§ **RECORDED DATA**:

◆ ◆ ◆ ◆

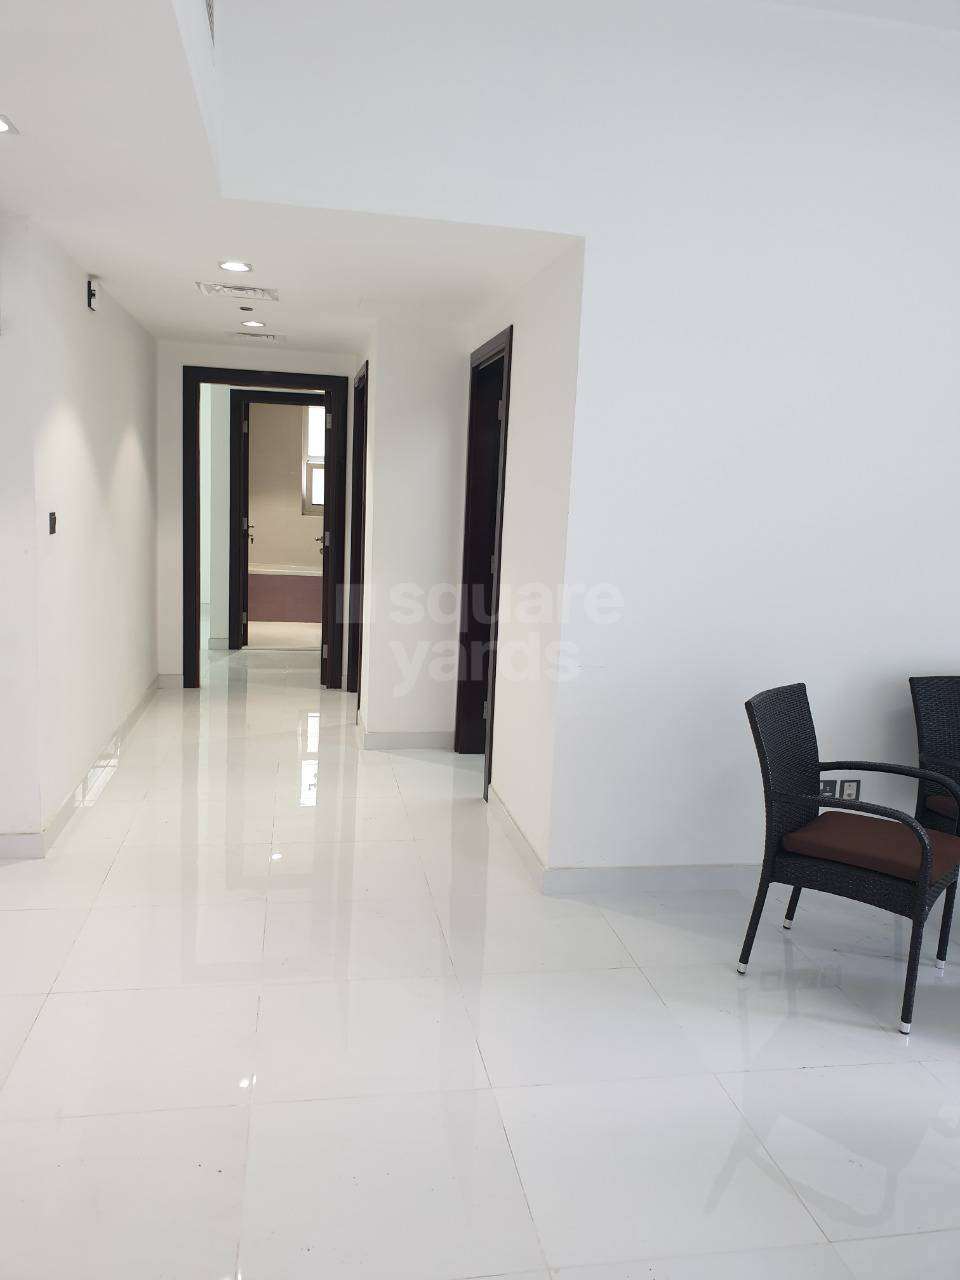 1 BR 1200 Sq.Ft. Apartment in Arabian Gates
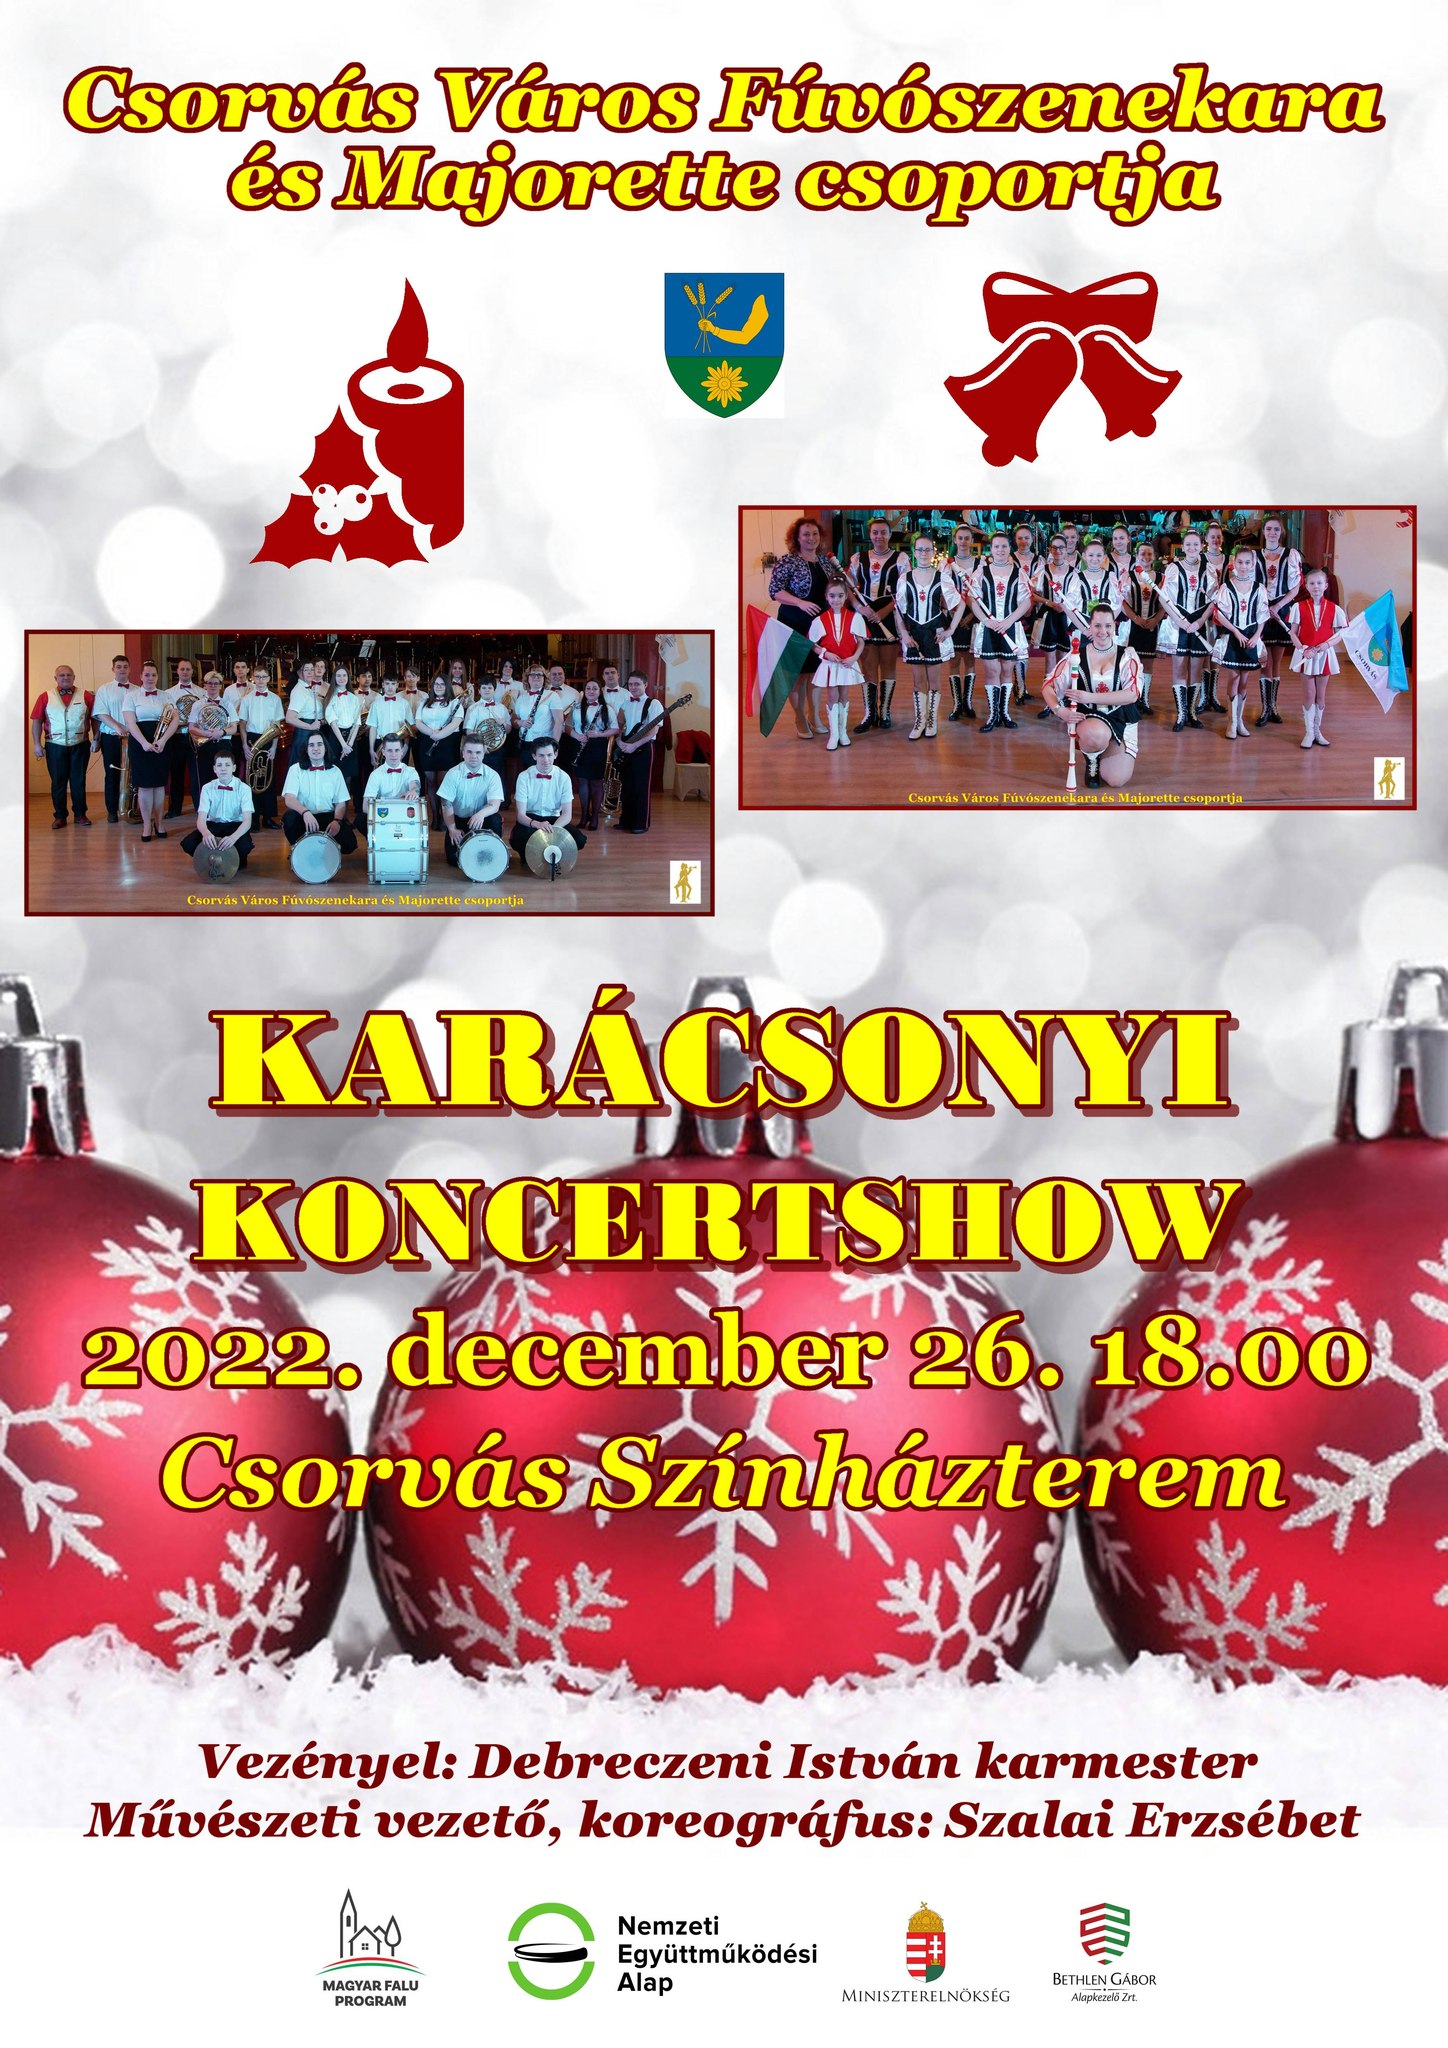 Karacsonyi Koncert 2022 December 26
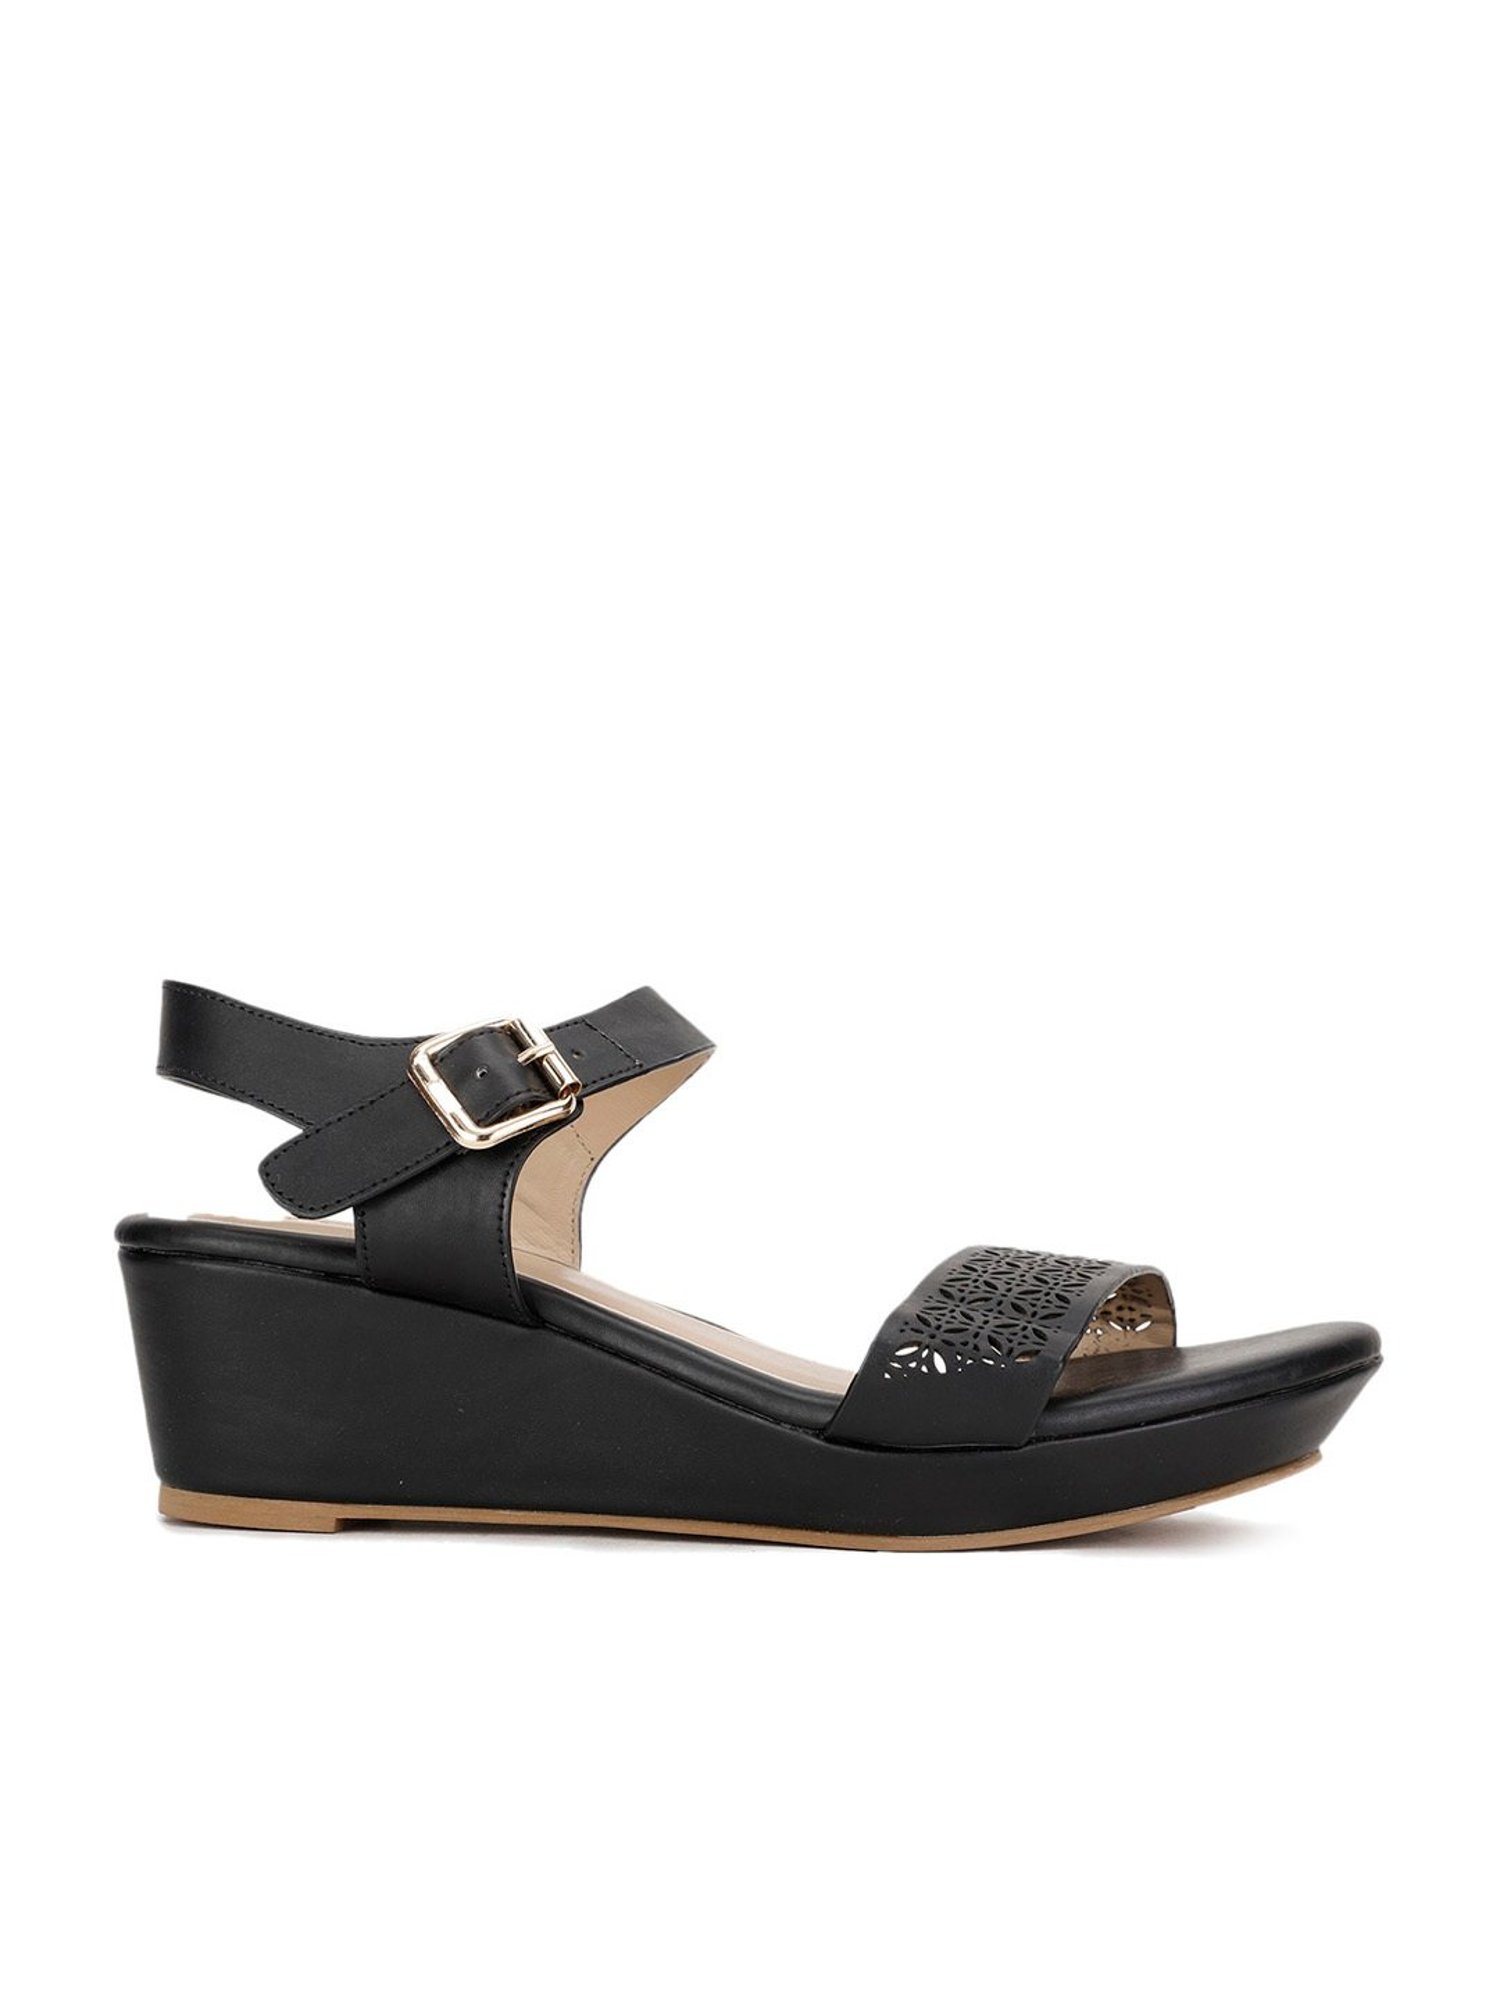 Buy Black Heeled Sandals for Women by Davinchi Online | Ajio.com

◆ ◆ ◆ ◆

§ **EXERCISE PROMPT**:
Would you copy all the material exactly, dropping the pictures?

§ **TASK SOLUTION**:
 1 BR 1200 Sq.Ft. Apartment in Arabian Gates
 Karacsonyi Koncert 2022 December 26
 Buy Black Heeled Sandals for Women by Davinchi Online | Ajio.com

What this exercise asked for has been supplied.